A Arte Contemporânea (século XX até o presente) é um campo diversificado e amplo, de difícil definição. Diversos movimentos artísticos coexistem, como o minimalismo, o arte pop, a arte conceitual e as manifestações da arte digital. A arte contemporânea rompe com as fronteiras dos tipos de arte tradicionais, explorando novas linguagens da arte como o vídeo, a performance e as instalações interativas. Banksy, Yayoi Kusama e Damien Hirst são alguns dos artistas contemporâneos mais influentes no mundo. A arte contemporânea está muito relacionada às ideias e geralmente aborda temas sociais, culturais e políticos, desafiando as normas da arte tradicional e incentivando uma reflexão crítica sobre o mundo atual.

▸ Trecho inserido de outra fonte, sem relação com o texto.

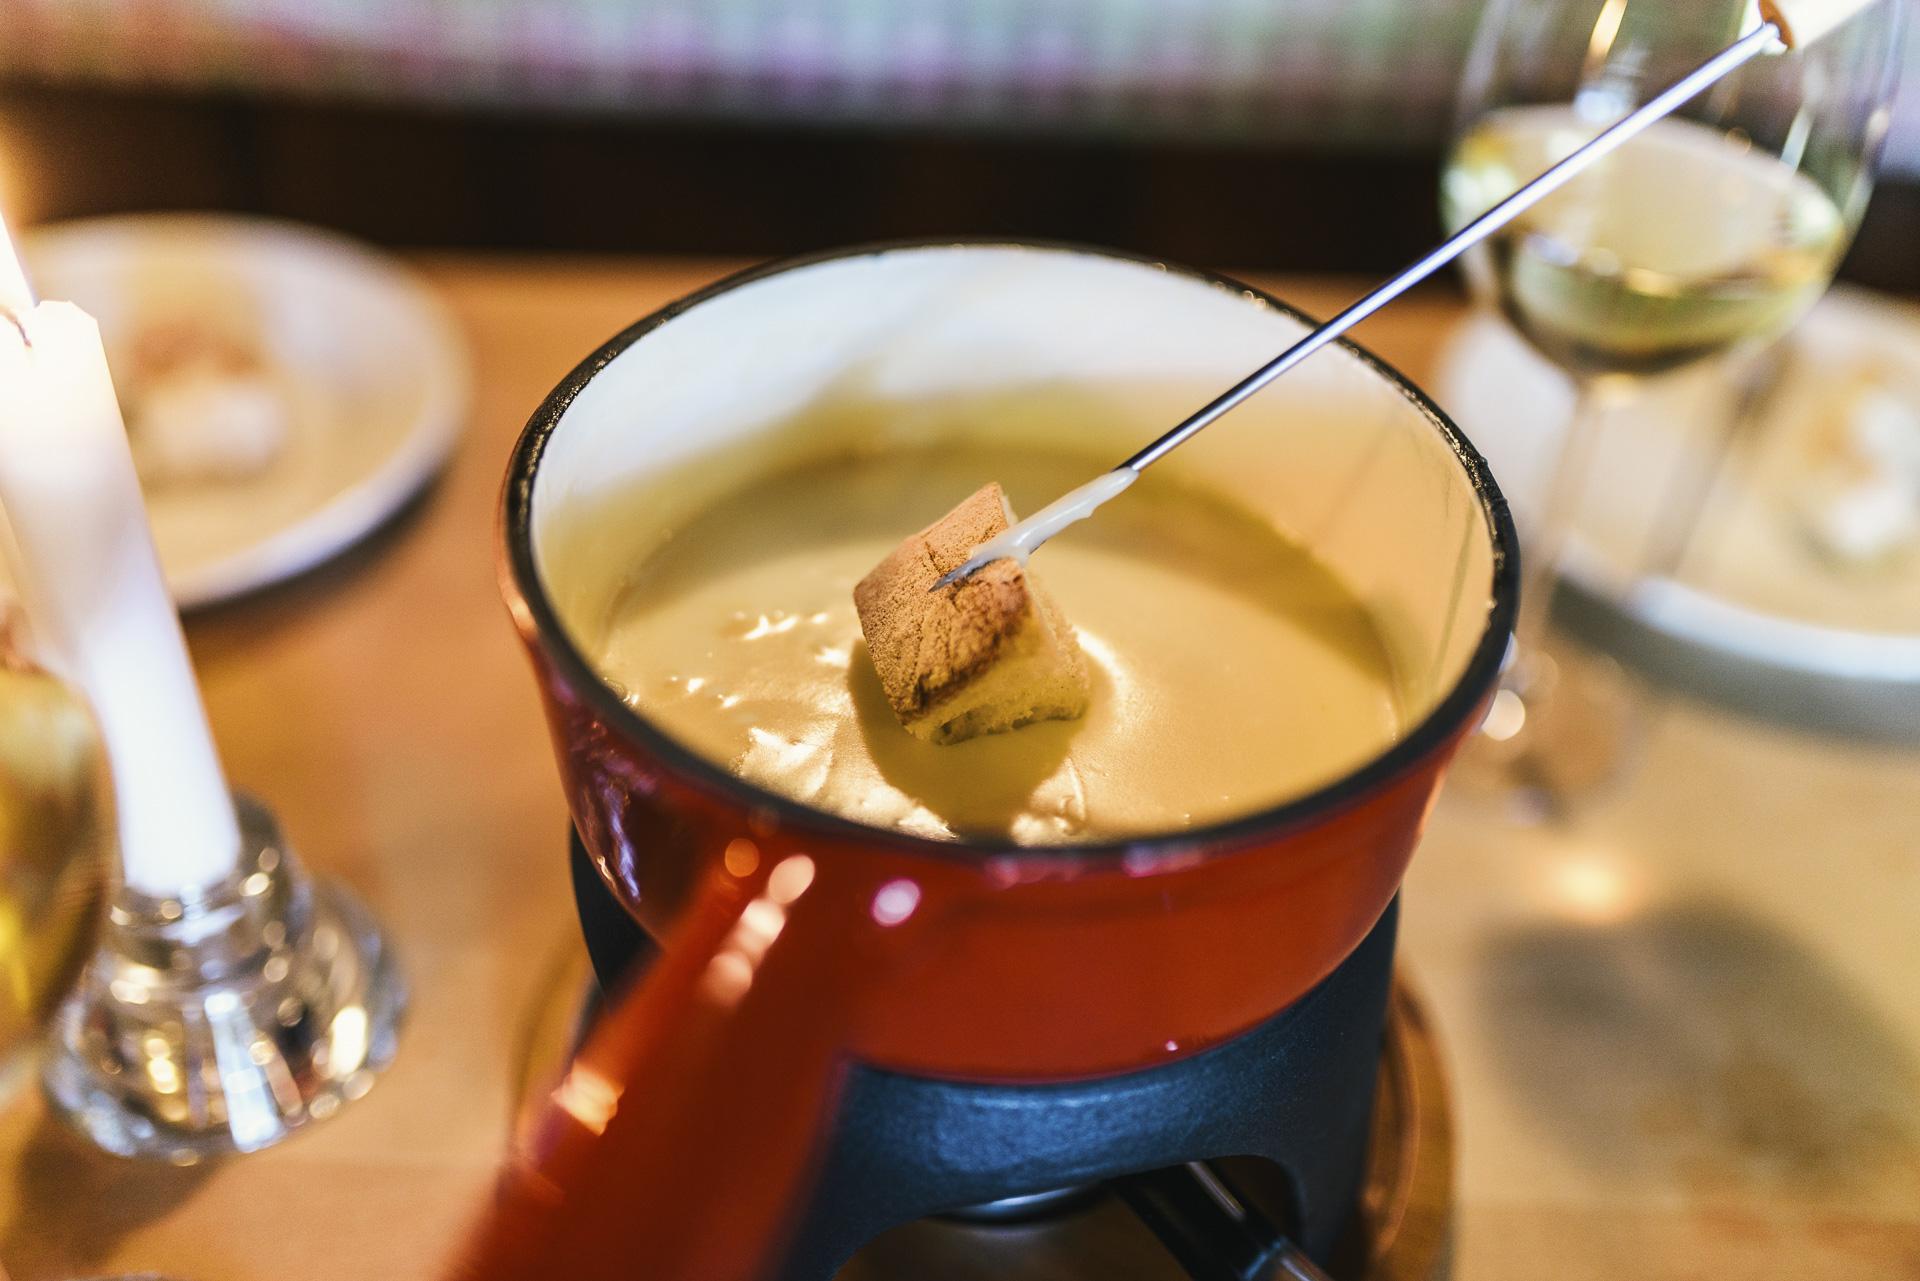 fondue und raclette in freiburg busses waldcafe. Black Bedroom Furniture Sets. Home Design Ideas
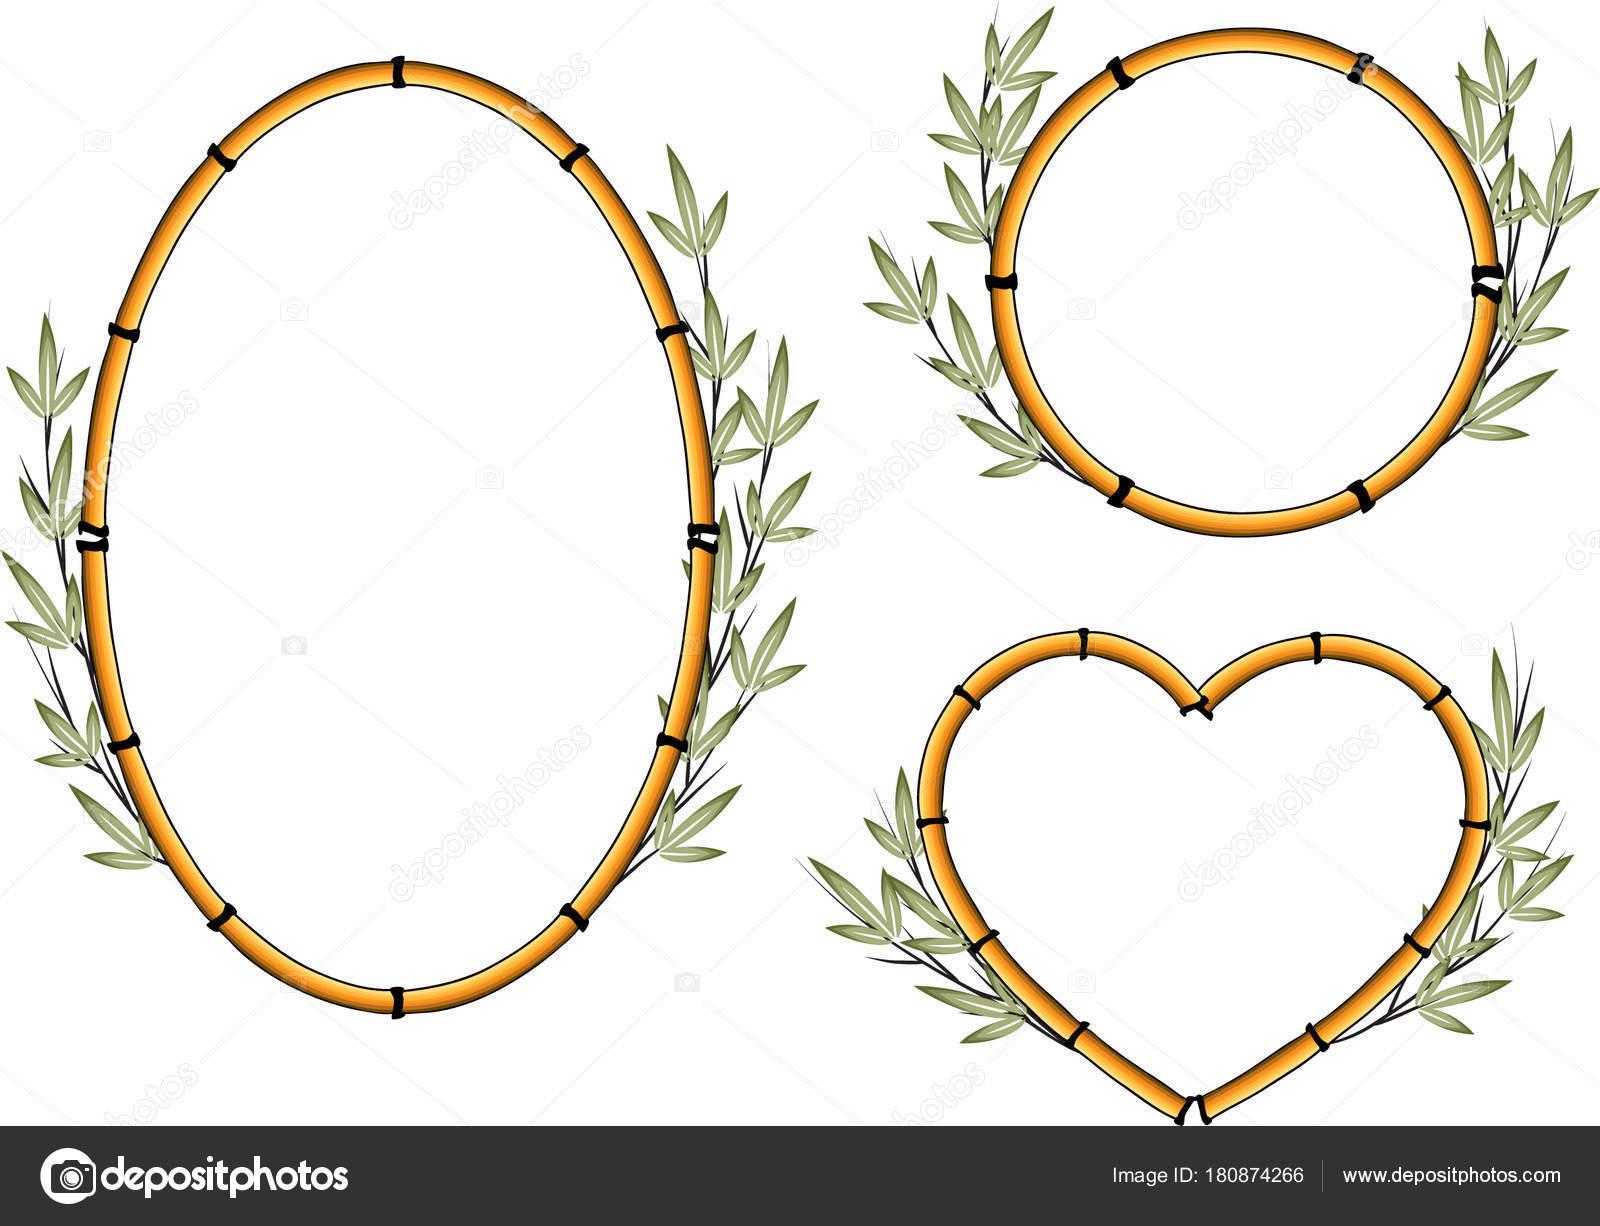 Bambus Vektor Zeichenprogramm Design — Stockvektor © wenpei #180874266

Grandes Artistas da História e Suas Obras

A história da arte é marcada por inúmeros grandes artistas, cujas obras ajudaram a definir os rumos da arte. Cada um desses artistas famosos trouxe uma contribuição única, seja através da técnica, do estilo ou das ideias que procuraram expressar. Listamos a seguir algumas obras de arte famosas na história e seus respectivos autores:

Século XIV (1300)

  • Giotto di Bondone:

O Beijo de Judas (1305)
Afrescos da Capela Scrovegni (1304–1306)

Século XV–XVI (Renascimento)

A Última Ceia (1495–1498)
Mona Lisa (c. 1503–1506)

  • Michelangelo Buonarroti

O Davi (1501–1504)
Afrescos da Capela Sistina (1508–1512)

Século XIX (Impressionismo e Pós-Impressionismo)

  • Édouard Manet

Almoço na Relva (1863)
Olympia (1863)

  • Claude Monet

Impressão, nascer do sol (1872)
Nenúfares (série, 1897–1926)

  • Edgar Degas

A Aula de Balé (c. 1874)
O Balé Azul (c. 1890)

  • Vincent van Gogh

Girassóis (1888)
A Noite Estrelada (1889)

Século XIX–XX (Simbolismo, Art Nouveau e Modernismo)

  • Gustav Klimt

Retrato de Adele Bloch-Bauer I (1907)
O Beijo (1907–1908)

  • Antoni Gaudí

Parque Güell (projeto iniciado em 1900)
Sagrada Família (iniciada em 1882, ainda em construção)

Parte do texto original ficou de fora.